Construção de um Modelo de Elevação Digital de Terreno para a Ilha dos Marinheiros, Rio Grande, RS, com uso de DGPS e Rotinas de Geoprocessamento Tagliani C.R.A.1; Conterato M.R.2 Antiqueira J.A.F.1; Calliari L.J.1; Tagliani P.R.3; Soares M.N.1 1Departamento de Geociências - FURG 2Departamento de Materiais e Construção - FURG 3Departamento de Oceanografia - FURG

RESUMO Este artigo apresenta as técnicas utilizadas para a geração de um modelo de

elevação digital do terreno para a Ilha dos Marinheiros, Rio Grande, RS, Brasil. O modelo foi elaborado em um Sistema de Informações Geográficas a partir de pontos de controle geodésicos de alta precisão, coletados por um receptor GPS marca Ashtech, modelo ProMark 2. Tendo como ponto de partida o marco geodésico da Estação Naval do Rio Grande, foram materializados duas bases em pontos extremos da ilha, a partir das quais foram adquiridos os demais pontos. No pós-processamento os arquivos gerados no GPS foram descarregados em computador, separados por data de coleta e processados posteriormente. A determinação dos parâmetros de precisão do projeto para os pontos pós-processados na horizontal foi de 0,02 m + 1 ppm, e na vertical de 0,04 m + 2 ppm. Problemas ocasionados por comunicação com a rede de satélites e condições atmosféricas adversas inutilizaram parte dos dados coletados em campo. A falta de dados em alguns locais da ilha foi compensada pela digitalização manual no programa Surfer 8.0, utilizando com referência três camadas de informações: uma imagem de satélite de alta resolução (Ikonos), um mapa geomorfológico e um mapa de vegetação e uso atual do solo, todos precisamente georreferenciados a partir de 12 pontos de controle coletados com o DGPS. Em que pese os problemas ocorridos no levantamento de campo, considera-se que o levantamento altimétrico realizado com auxílio de DGPS é bastante vantajoso em relação aos métodos mais tradicionais.

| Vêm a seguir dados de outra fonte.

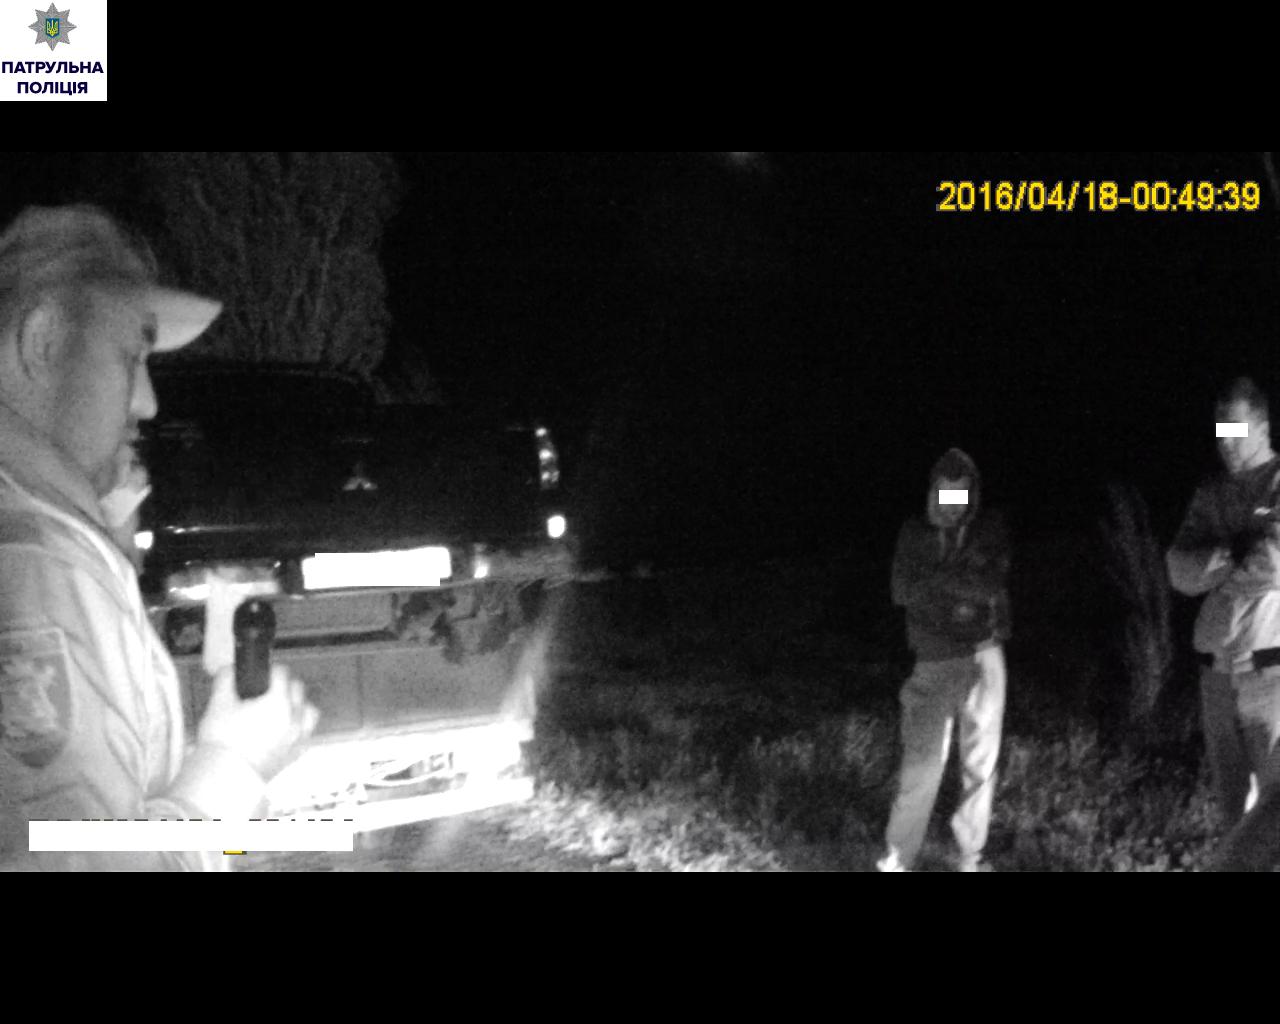 У Миколаєві патрульні впіймали вантажівку, яка перевозила підозрілу іномарку - фото 2
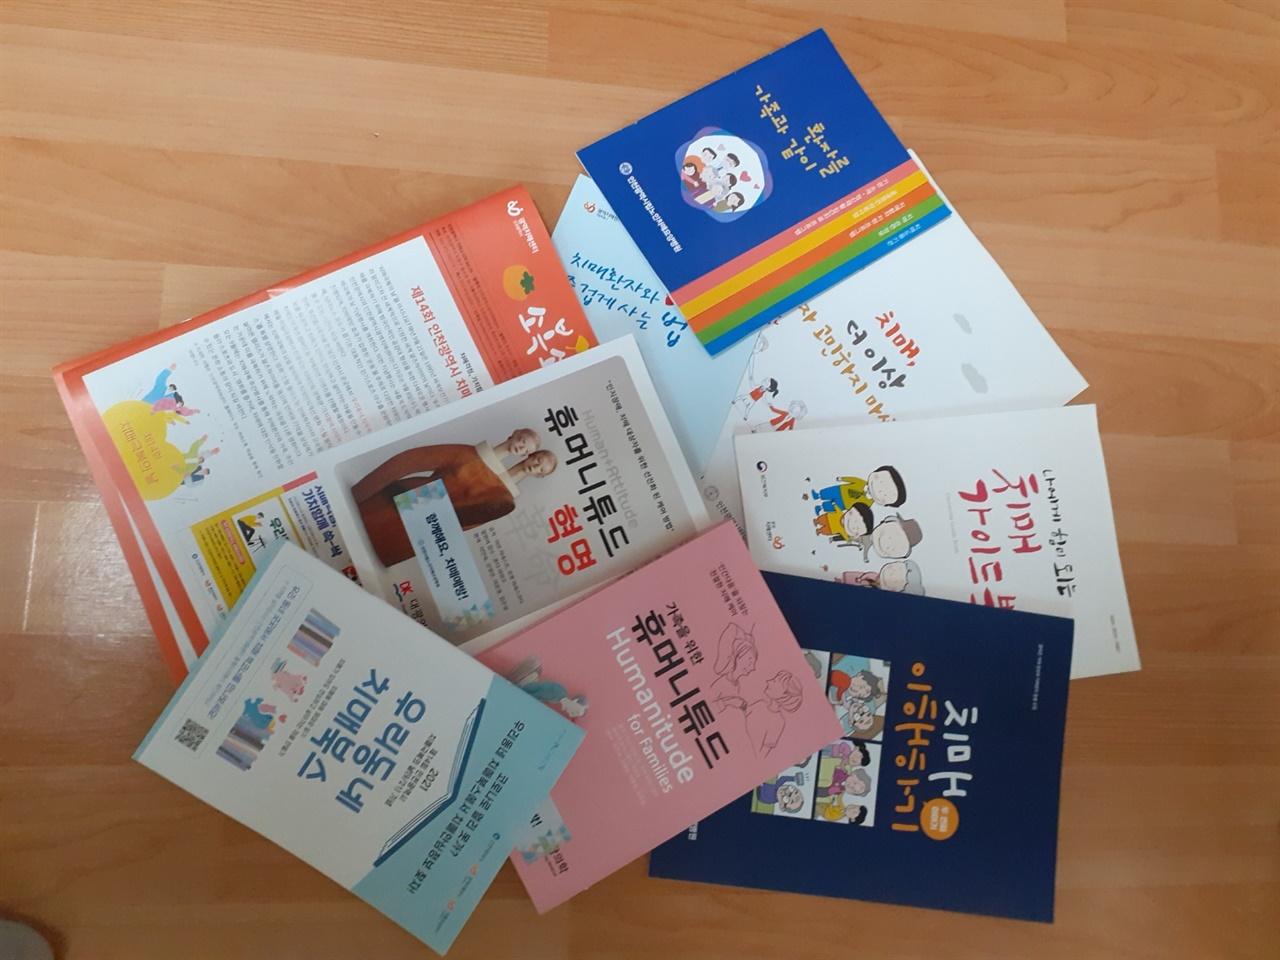 치매 관련 홍보 책자들(이연순 센터장 제공)

ABSTRACT This paper presents the methodology to generate a digital terrain model of Ilha

dos Marinheiros, an island located in the estuary of Patos Lagoon in southern Brazil. The model was created in a Geographic Information System using precision control points collected by a Differential Global Position System (DGPS). The horizontal and vertical data of the official geodetic point existing at Rio Grande Naval Station were transferred to the island in order to set two new geodetic points located at extreme positions in the island (east and west), which were the base for the altimetric mapping of the whole study area. The precision parameters used in this project were 0.02 m + 1 ppm (pixel per meter) for horizontal data and 0.04 m + 2 ppm in the vertical data. Problems of connection between GPS system and satellites constellation due adverse meteorological conditions have disabled part of the acquired data. The lack of data in some portion of the island was solved by using digitized data in Surfer® software. These additional points were digitized taking as base the detailed knowledge of the area and three layers of information represented by a high resolution image, a geologic map and a land use map, all of them precisely georrefered with twelve control points collected with DGPS System. Although these problems have disabled part of the acquired data, the methods used have been quite advantageous in relation to the most traditional methods of altimetric mapping.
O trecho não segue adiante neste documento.